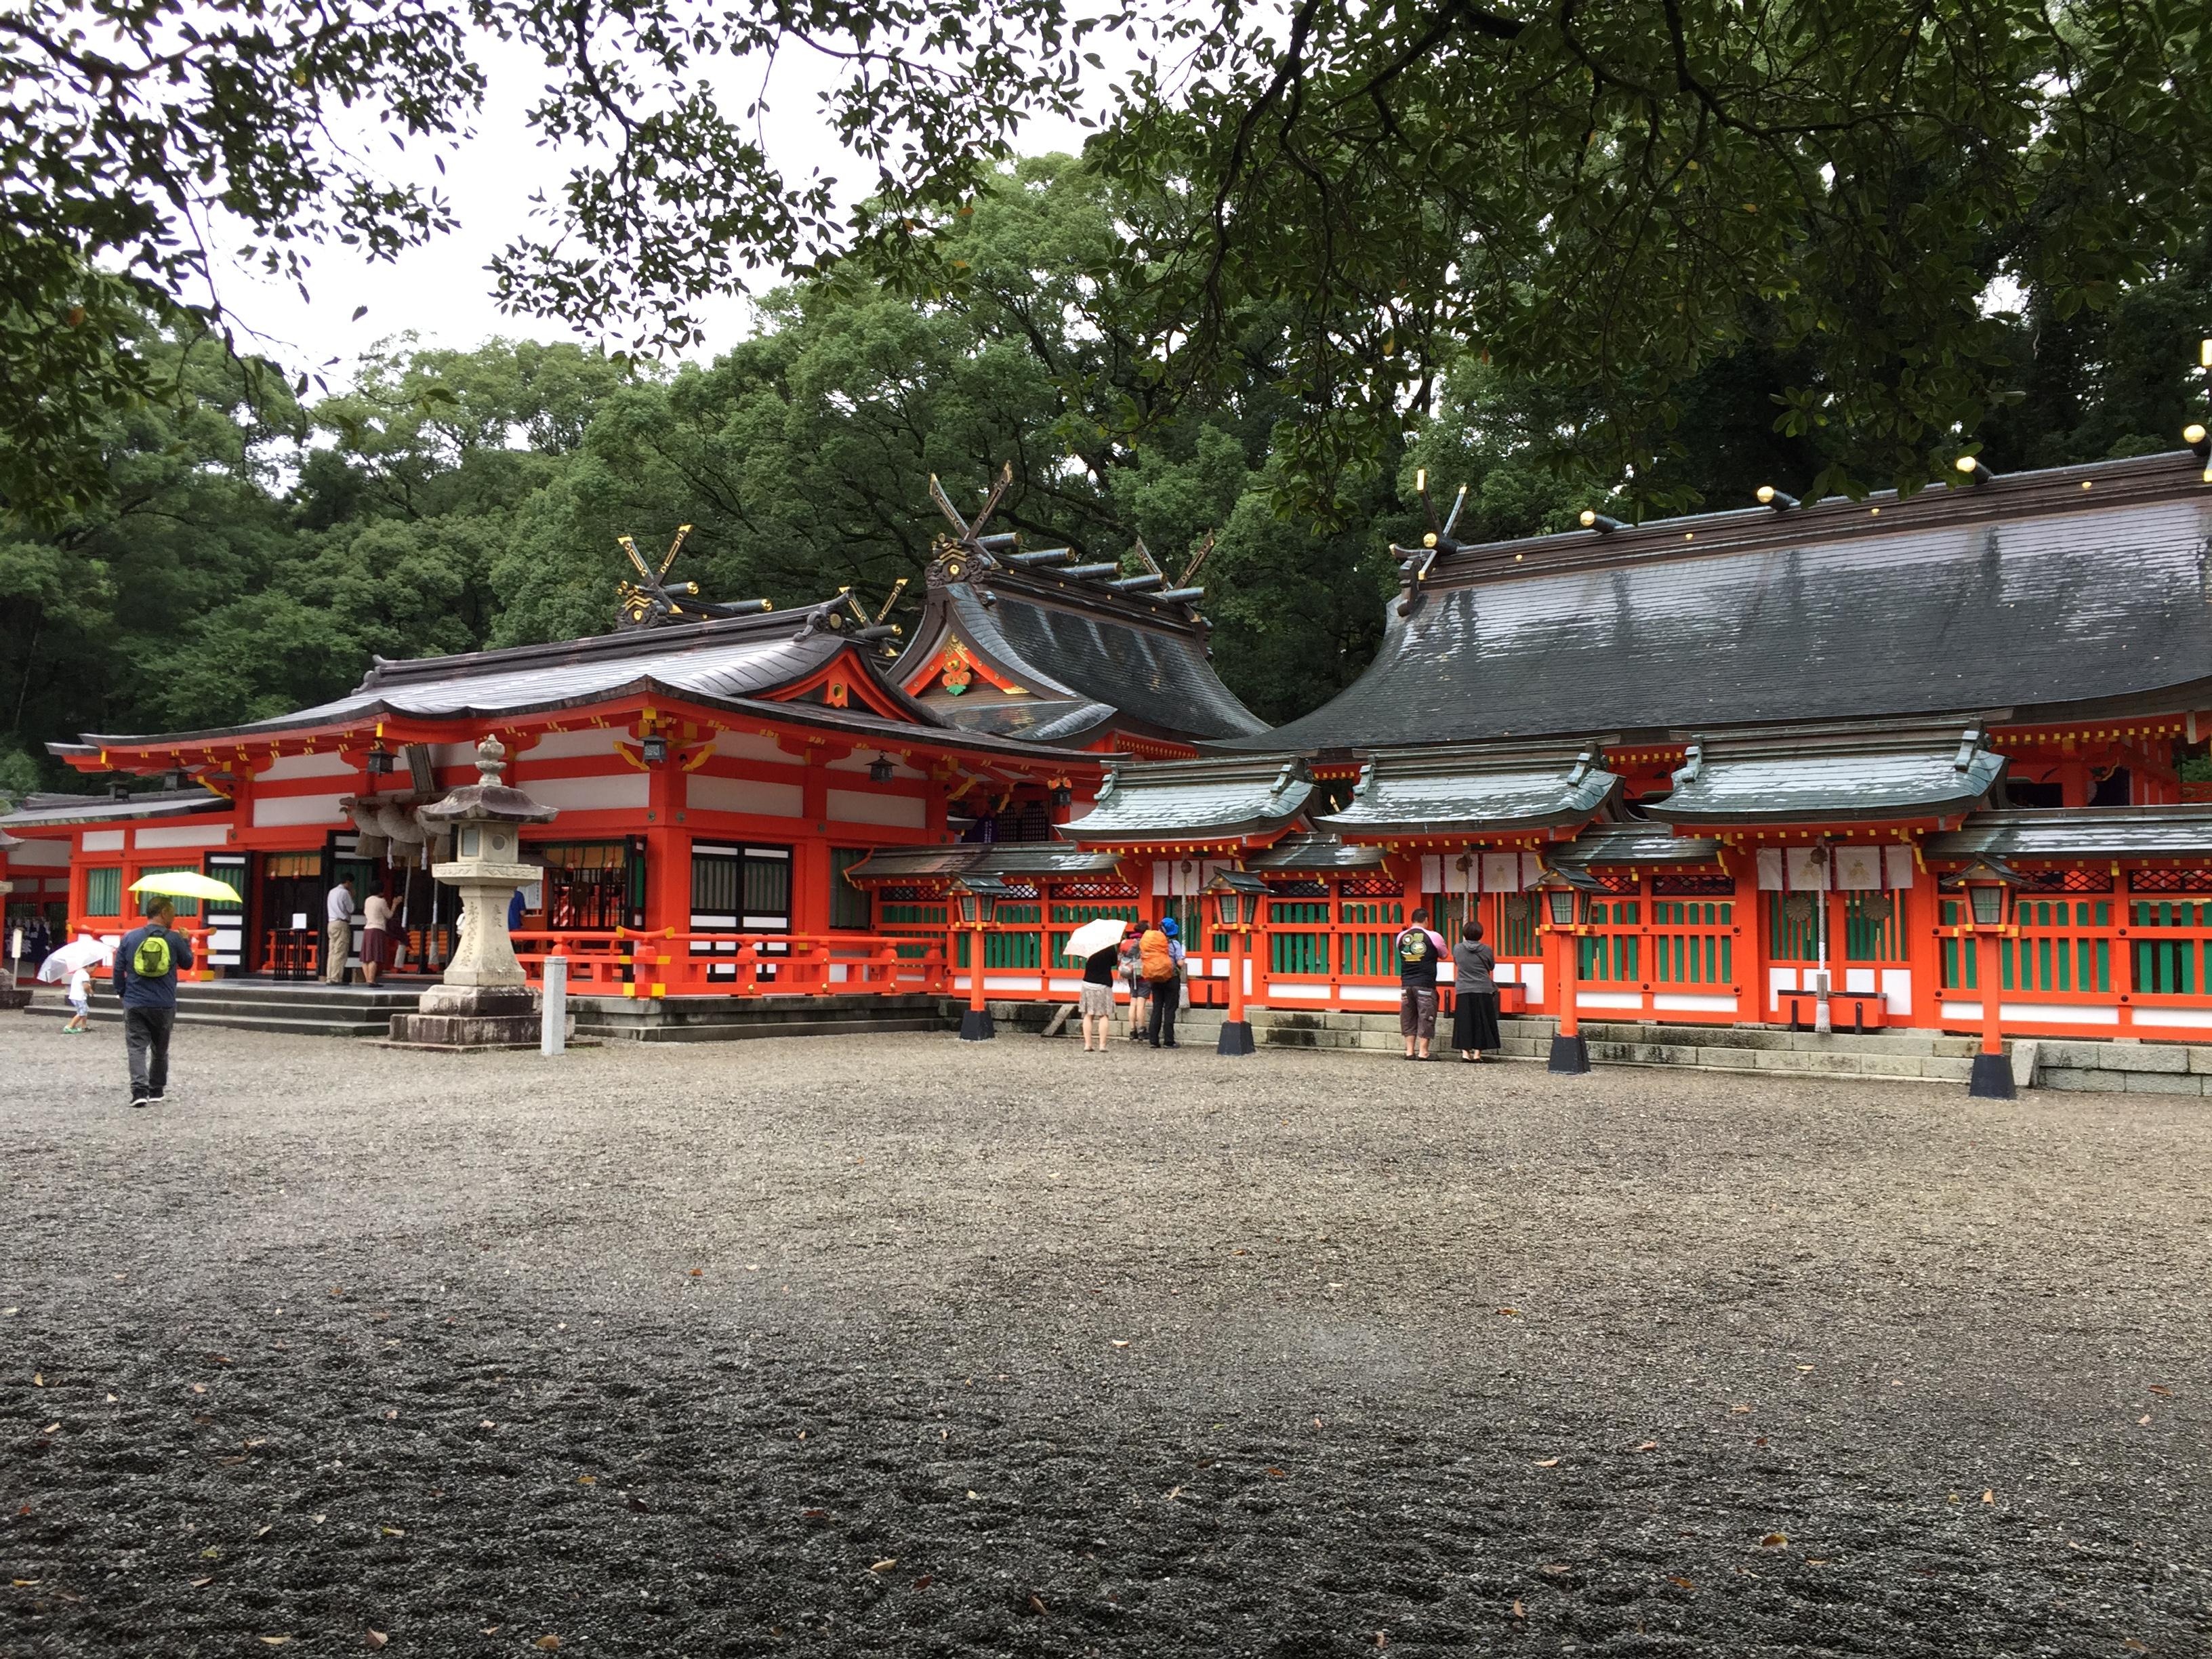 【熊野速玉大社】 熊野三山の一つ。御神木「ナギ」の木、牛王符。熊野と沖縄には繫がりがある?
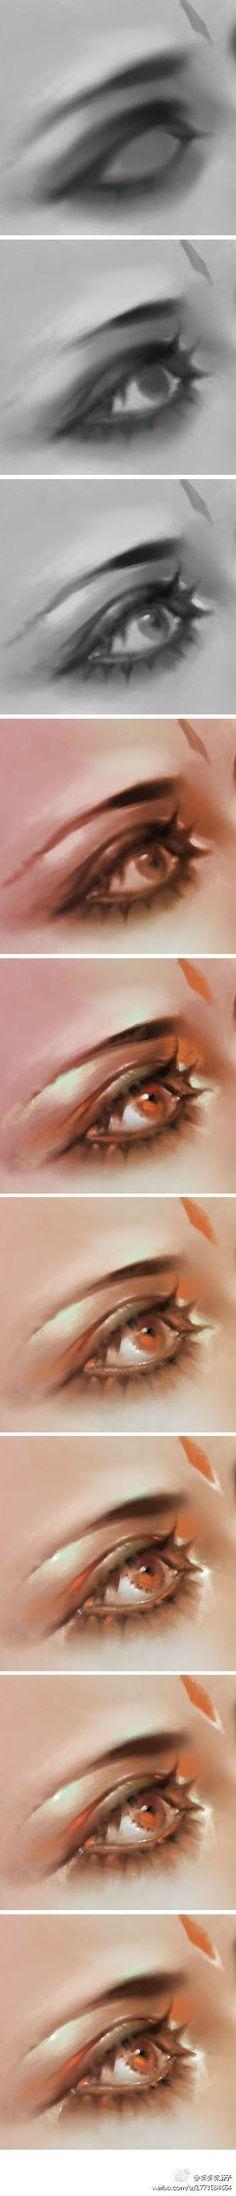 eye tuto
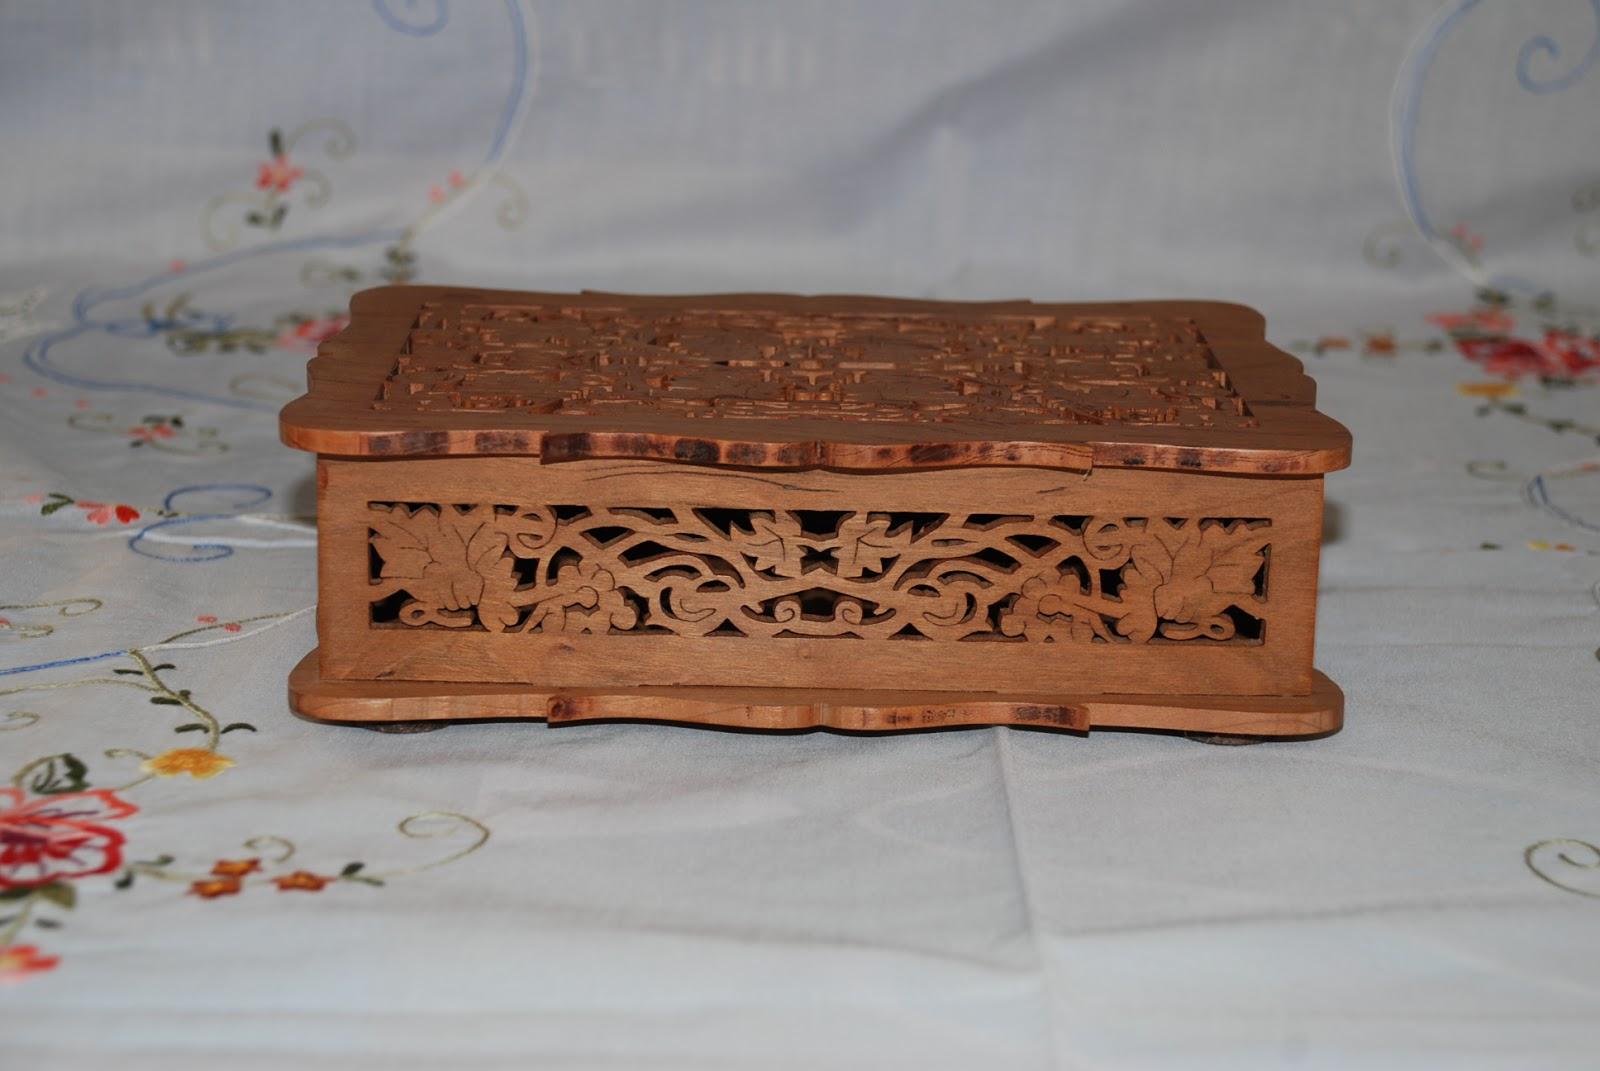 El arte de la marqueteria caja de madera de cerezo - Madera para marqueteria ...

===

> [Exercise objective]:
Print every line of the data exactly. Pictures do not belong in the copy.

> [Response for this exercise]:
 【熊野速玉大社】 熊野三山の一つ。御神木「ナギ」の木、牛王符。熊野と沖縄には繫がりがある?
 eye tuto
 El arte de la marqueteria caja de madera de cerezo - Madera para marqueteria ...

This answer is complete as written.